What The Fact?
Shorebirds on the beach at Lynchburg Landing near the ExxonMobil Refinery, Baytown Texas, US. Photo by Roy Luck (2012) via Flickr CC-BY-2.0
Are companies in the fossil fuel energy sector in the US simply receiving an unfair amount of criticism, despite their investments in low carbon technology and carbon storage? Colm Regan reviews the evidence based on comments from American Petroleum Institute representative Megan Bloomgren.
The Claim
In a reply to CNN journalists in September 2022 quoting findings of a new report that found US oil and gas companies opposing regulations aimed at tackling climate change and using deceptive advertising techniques in September 2022, senior vice president of communications of American Petroleum Institute, Megan Bloomgren stated:
‘API member companies continue to make investments towards innovation, research, and best practices to further reduce GHG emissions and tackle the climate challenge.’
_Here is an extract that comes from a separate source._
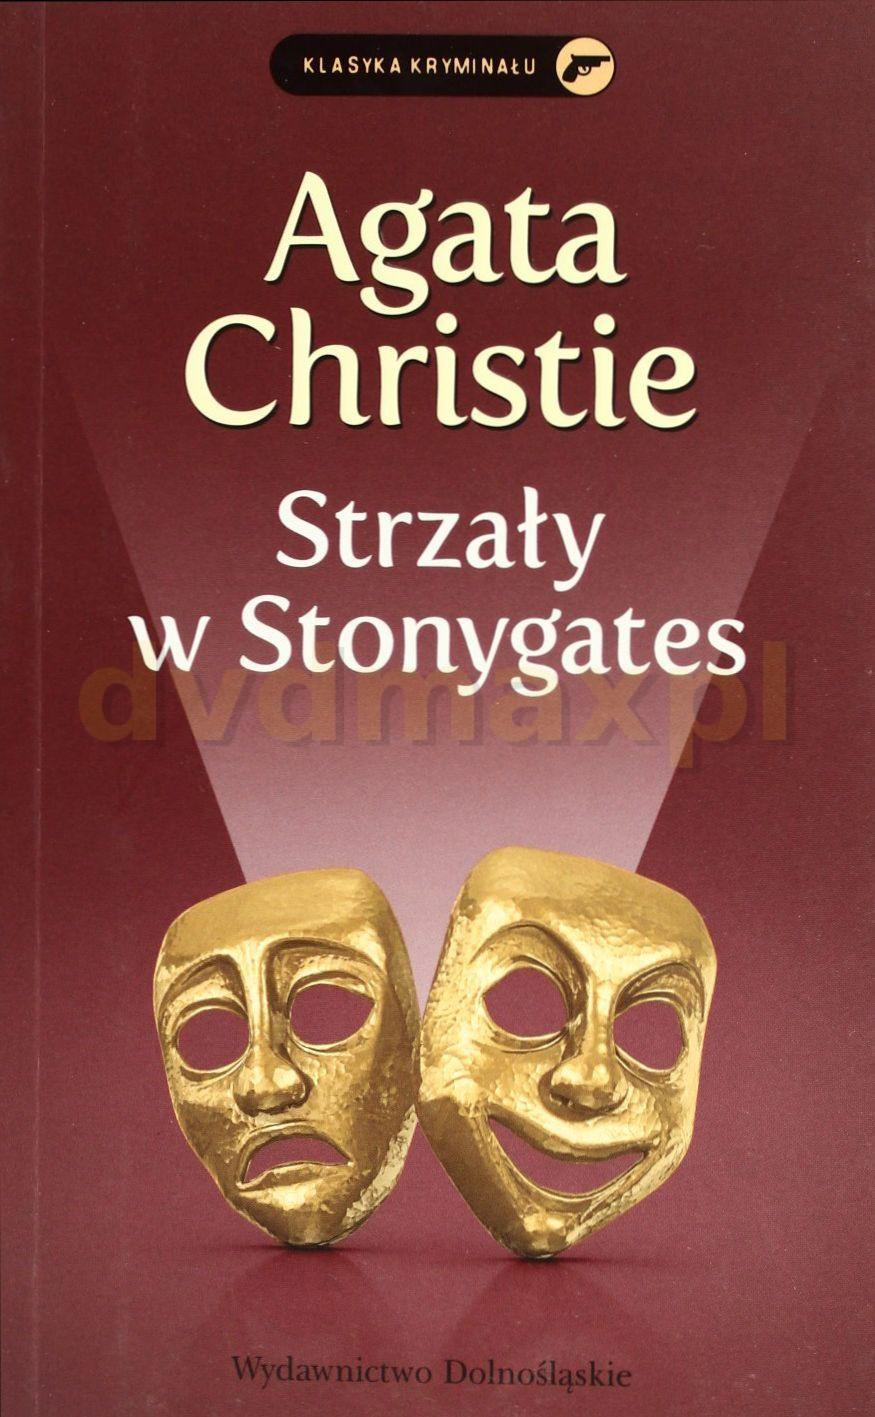 Kolekcja Agathy Christie: Strzały W Stonygates - Agata Christie [KSIĄŻKA] - Agata Christie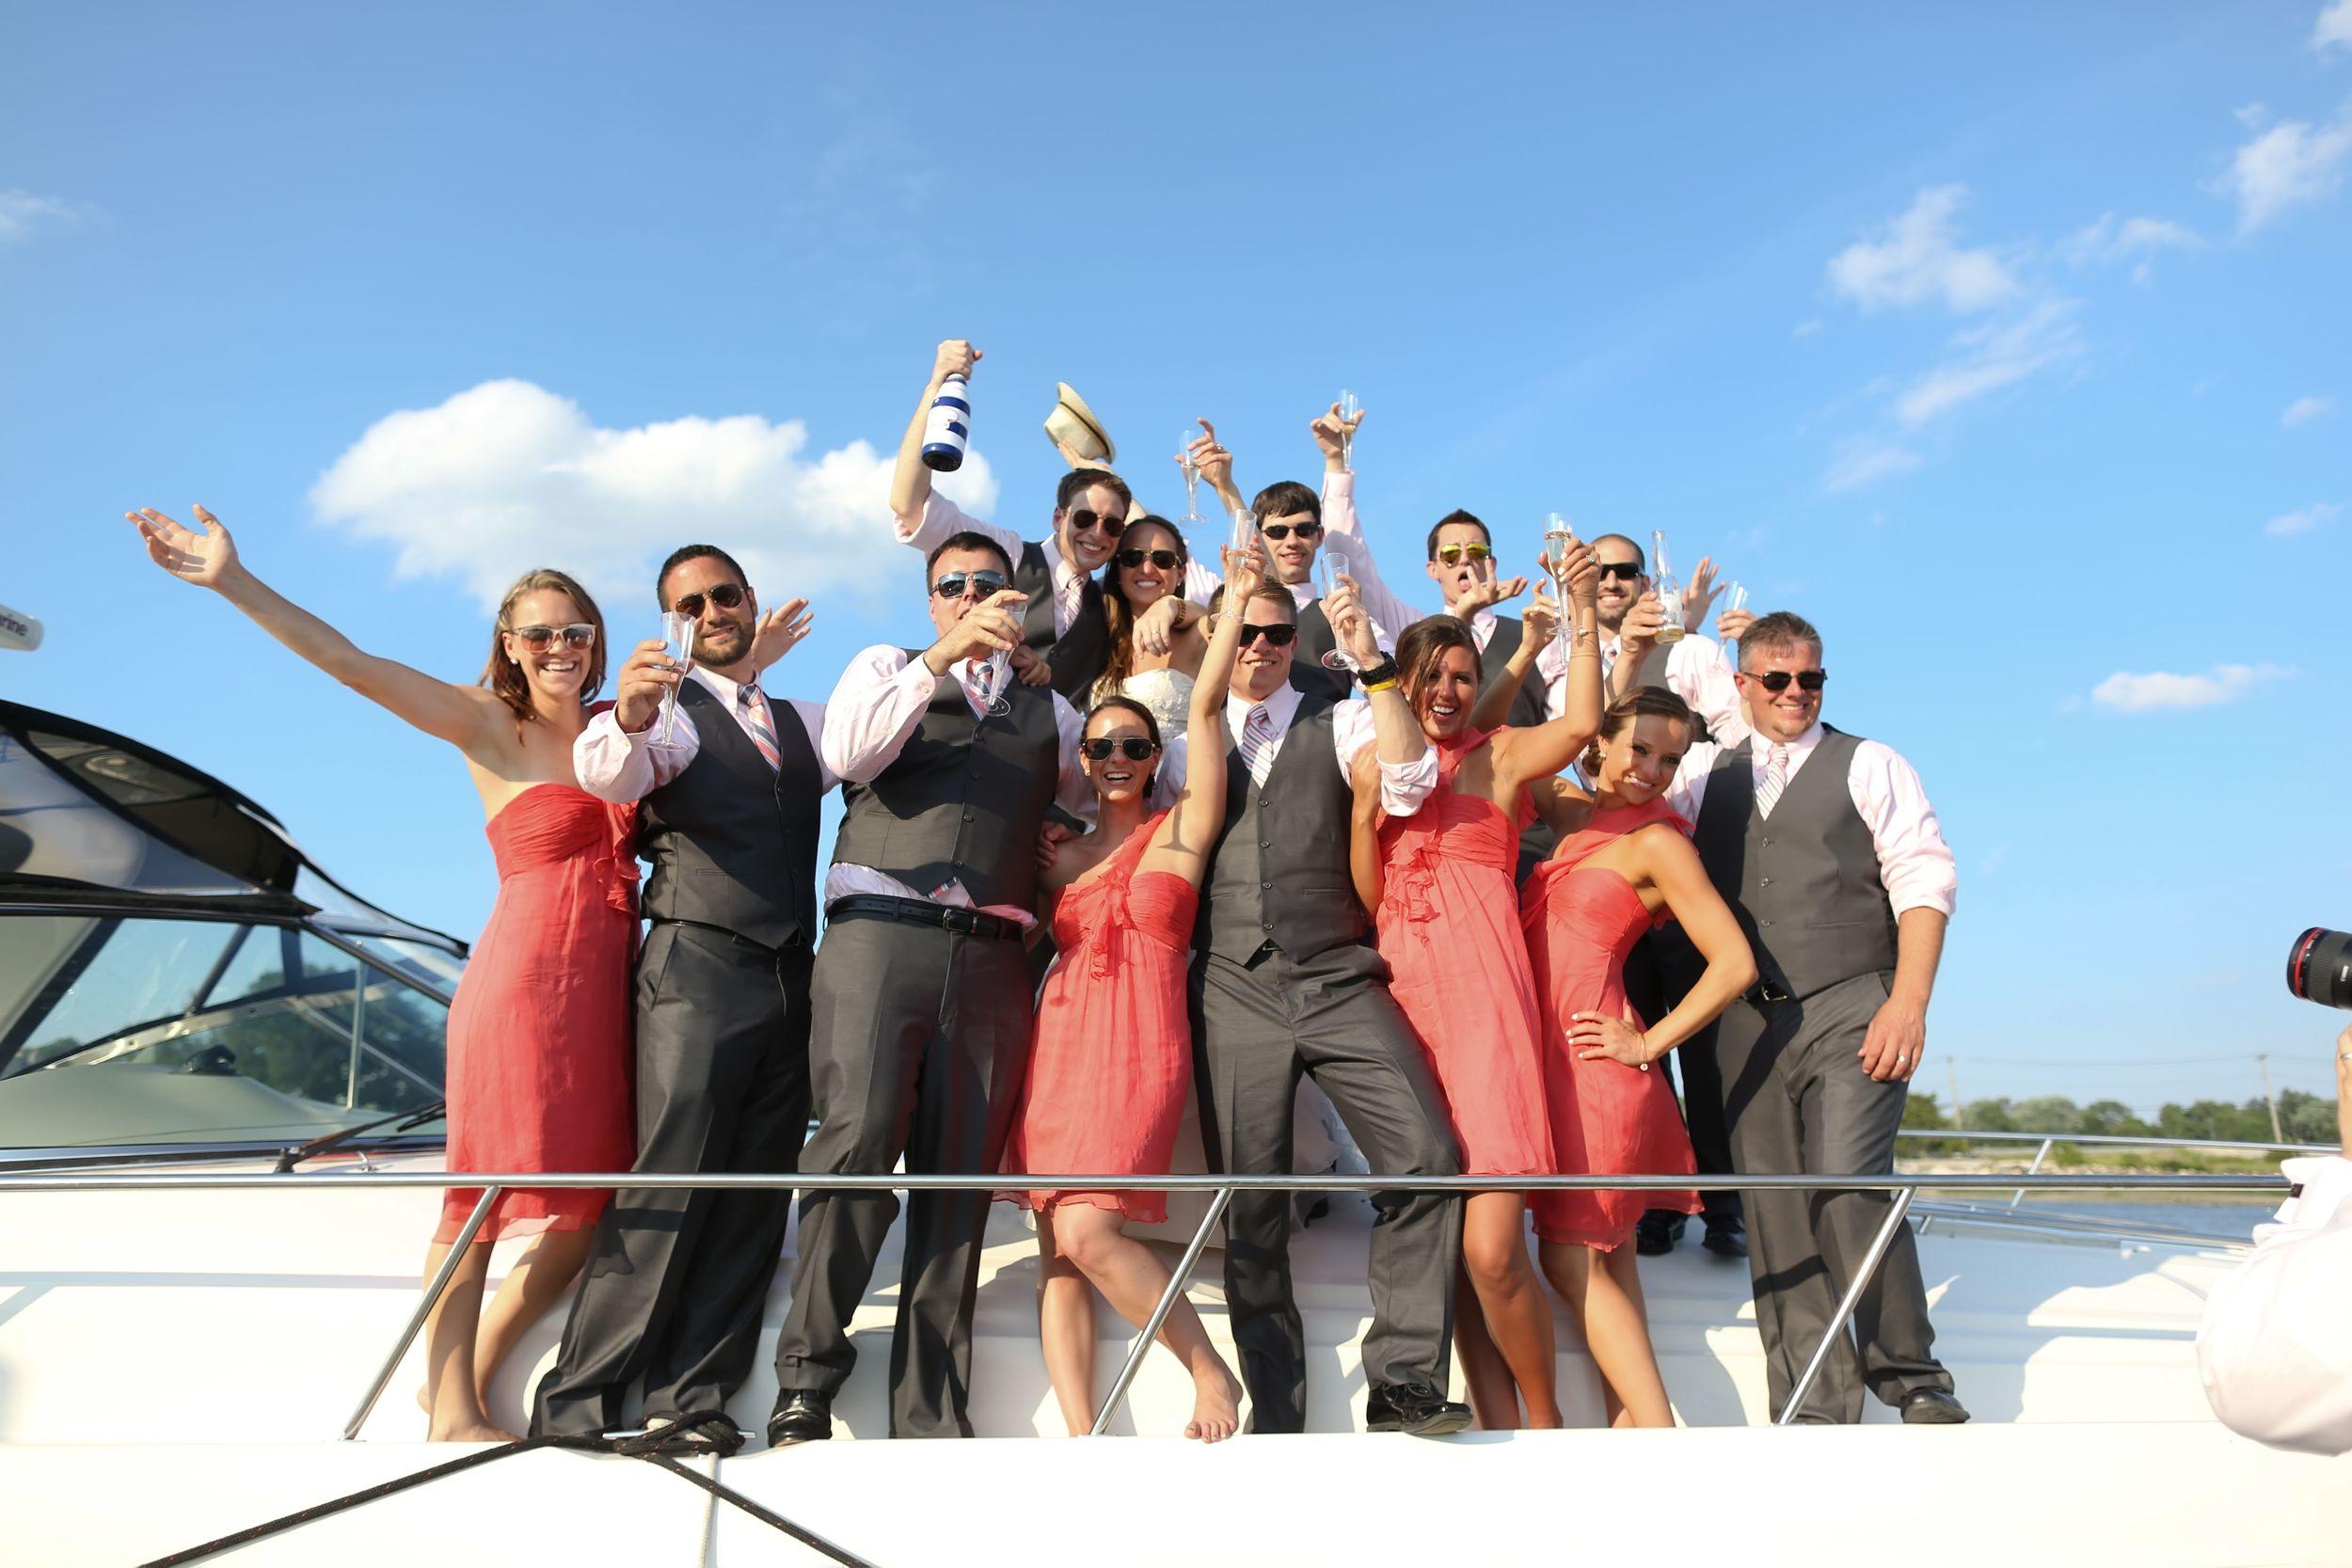 Milford Yacht Club Wedding Fairfield County Wedding Amy Champagne Events34.jpg

The American Petroleum Institute (API) represents some 600 member organisations involved in the natural gas and oil industry in the US and includes member companies BP, Chevron, ExxonMobil, and Shell.
Are companies in the fossil fuel energy sector in the US simply receiving an unfair amount of criticism, given this kind of claim by Megan Bloomgren?
The Verdict
The claim is rated misleading and is accurate based on the best evidence publicly available at this time.
A reality check
The extraction, processing, distribution, and use of fossil-based fuels has generated some of the largest, richest, and most powerful companies the world has ever seen. Historically, they have brought immense benefits to society and have played a pivotal role in economic development.
Against this, they have also been directly implicated in human rights and environmental abuse on a vast scale; they have controlled governments and policy in many countries worldwide and have consistently sought to manipulate public opinion on energy and energy futures.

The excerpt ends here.